GPUs are independently via PCIe on my motherboard, no NVLINK between them.

I tried to train a PyTorch model using both GPU, using nn.DataParallel()
However, I ran into the error 'unhandled cuda error (run with NCCL_DEBUG=INFO for details)

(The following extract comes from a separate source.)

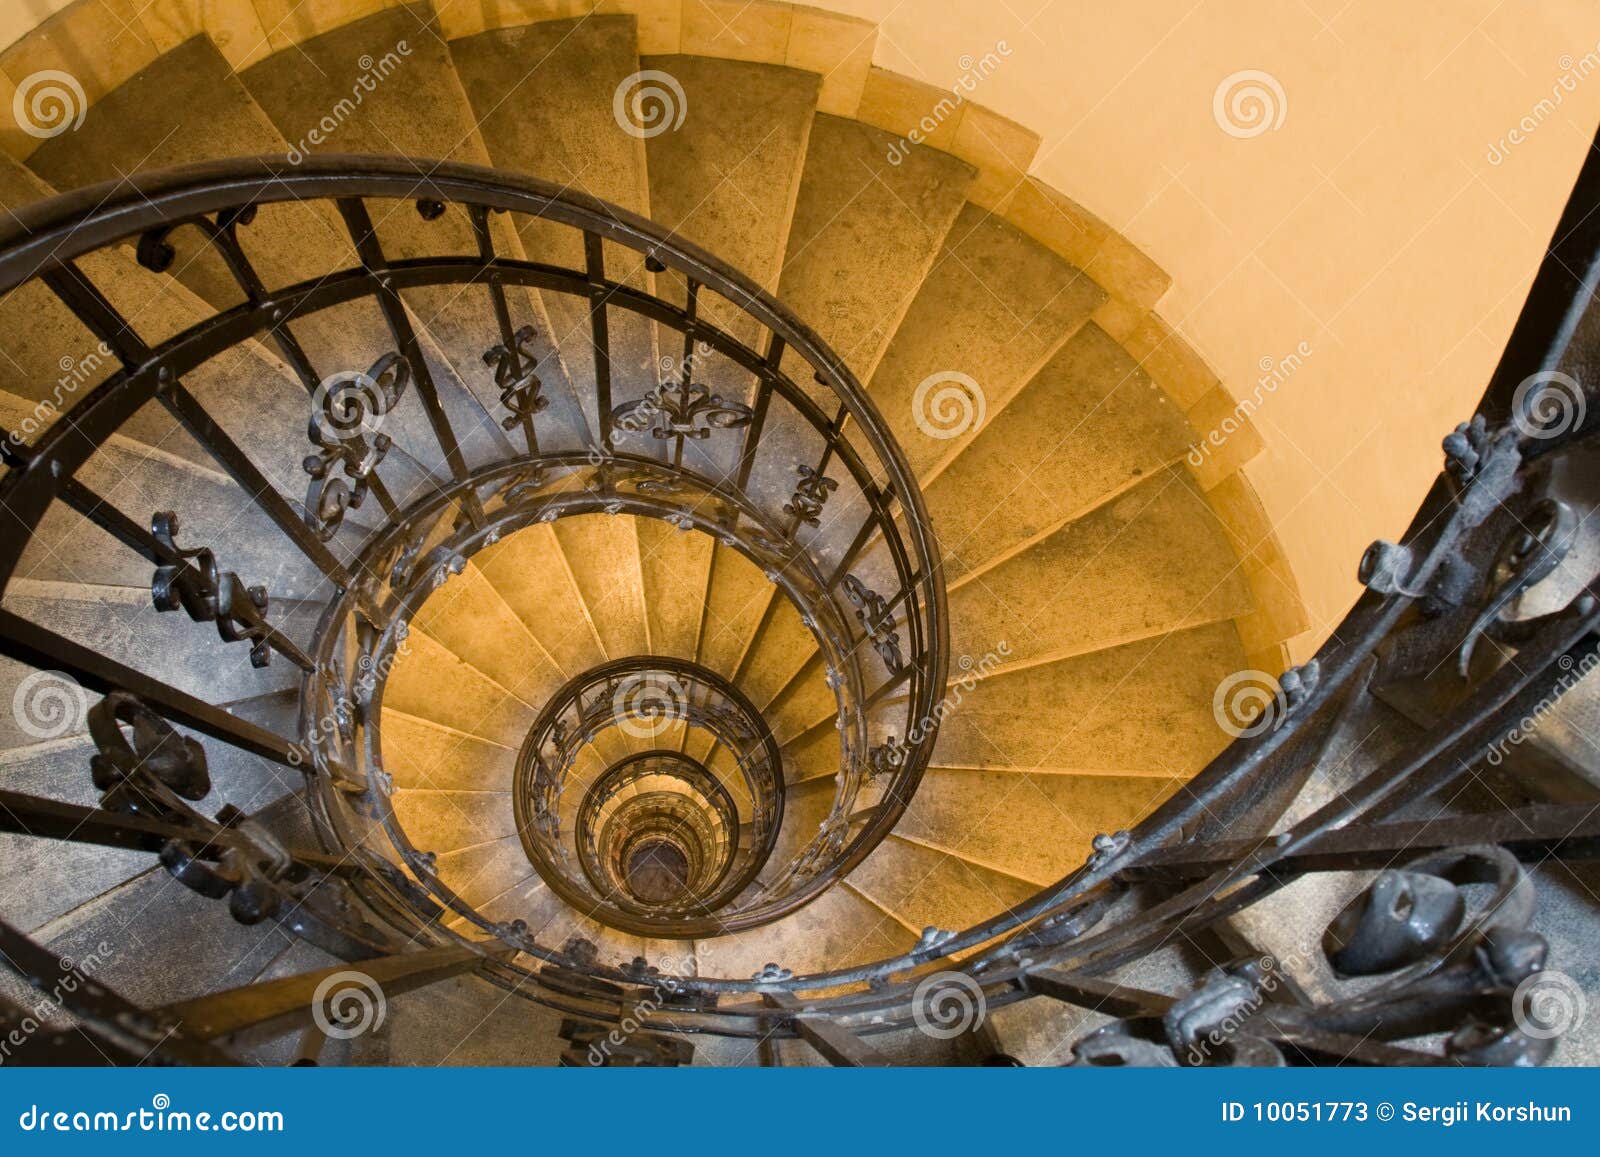 spiral staircase and stone steps in old tower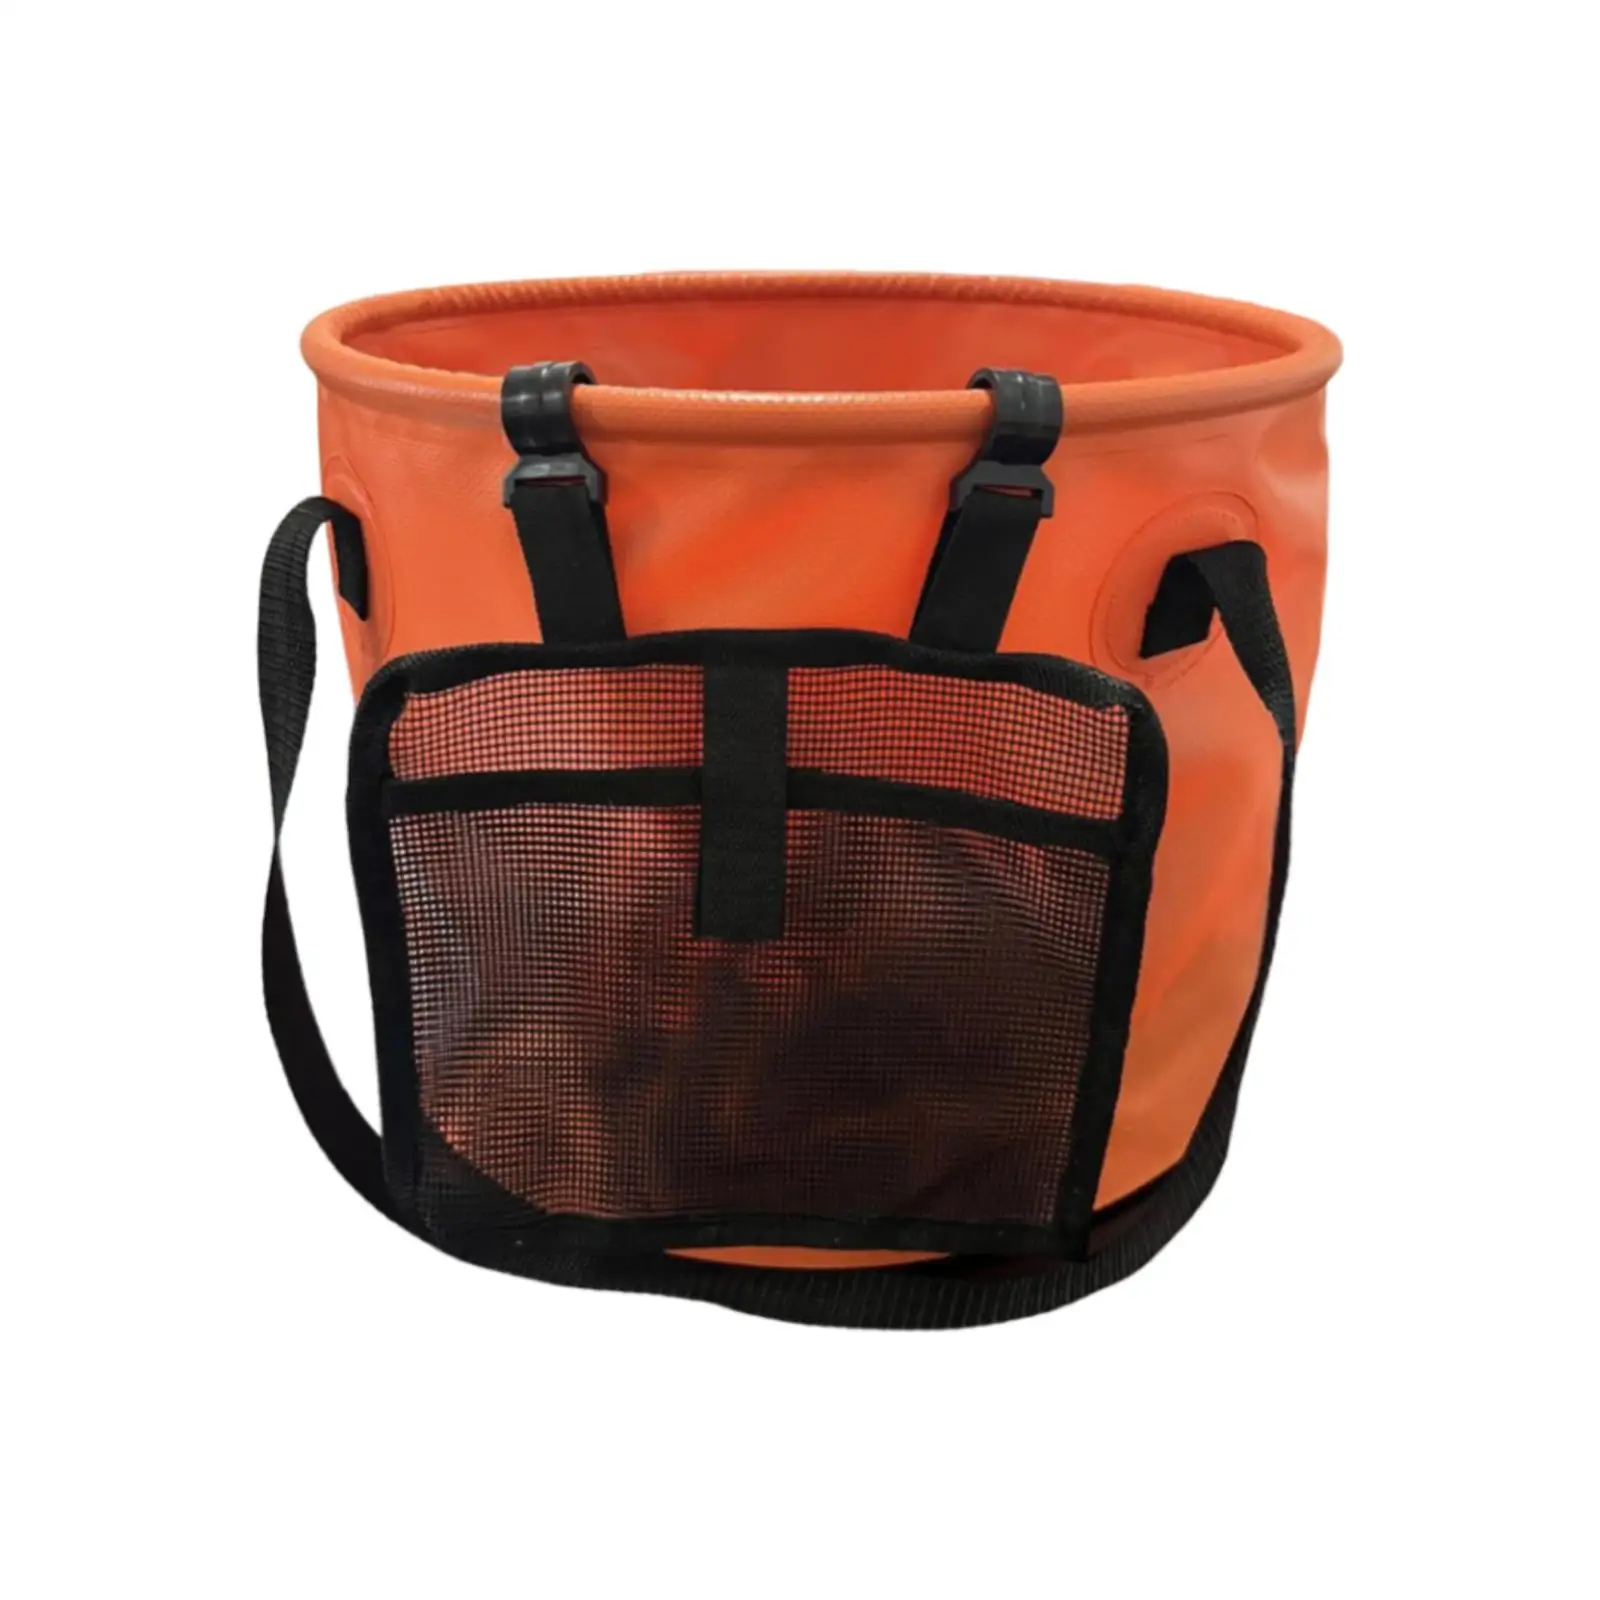 Collapsible Bucket Multifunctional Fishing Bucket 28L Folding Water Storage Bucket for Camping Outdoor Fishing Beach Travelling

Running nccl-tests./build/all_reduce_perf with NCCL_DEBUG=INFO, I got this error

Authorization required, but no authorization protocol specified
# nThread 1 nGpus 1 minBytes 8 maxBytes 536870912 step: 2(factor) warmup iters: 5 iters: 20 agg iters: 1 validation: 1 graph: 0
#
# Using devices
#  Rank  0 Group  0 Pid 204118 on hom device  0 [0000:15:00] Quadro M4000
home:204118:204118 [0] NCCL INFO Bootstrap: Using eno1:10.39.120.16<0>
home:204118:204118 [0] NCCL INFO cudaDriverVersion 12040
home:204118:204118 [0] NCCL INFO NCCL version 2.27.3+cuda12.4
home:204118:204136 [0] NCCL INFO NET/Plugin: Could not find: libnccl-net.so. 
home:204118:204136 [0] NCCL INFO NET/IB : No device found.
home:204118:204136 [0] NCCL INFO NET/IB : Using [RO]; OOB eno1:10.39.120.16<0>
home:204118:204136 [0] NCCL INFO NET/Socket : Using [0]eno1:10.39.120.16<0>
home:204118:204136 [0] NCCL INFO Initialized NET plugin Socket
home:204118:204136 [0] NCCL INFO Assigned NET plugin Socket to comm
home:204118:204136 [0] NCCL INFO Using network Socket

home:204118:204136 [0] init.cc:426 NCCL WARN Cuda failure 'operation not supported'

I see NET/IB : No device found. Does it mean NCCL can’t find my 2 GPUs? smi can find both GPU no problem.
Thanks!

I suspect the message is referring to an Infiniband network interface, which you presumably don’t have fitted, hence the “INFO” status.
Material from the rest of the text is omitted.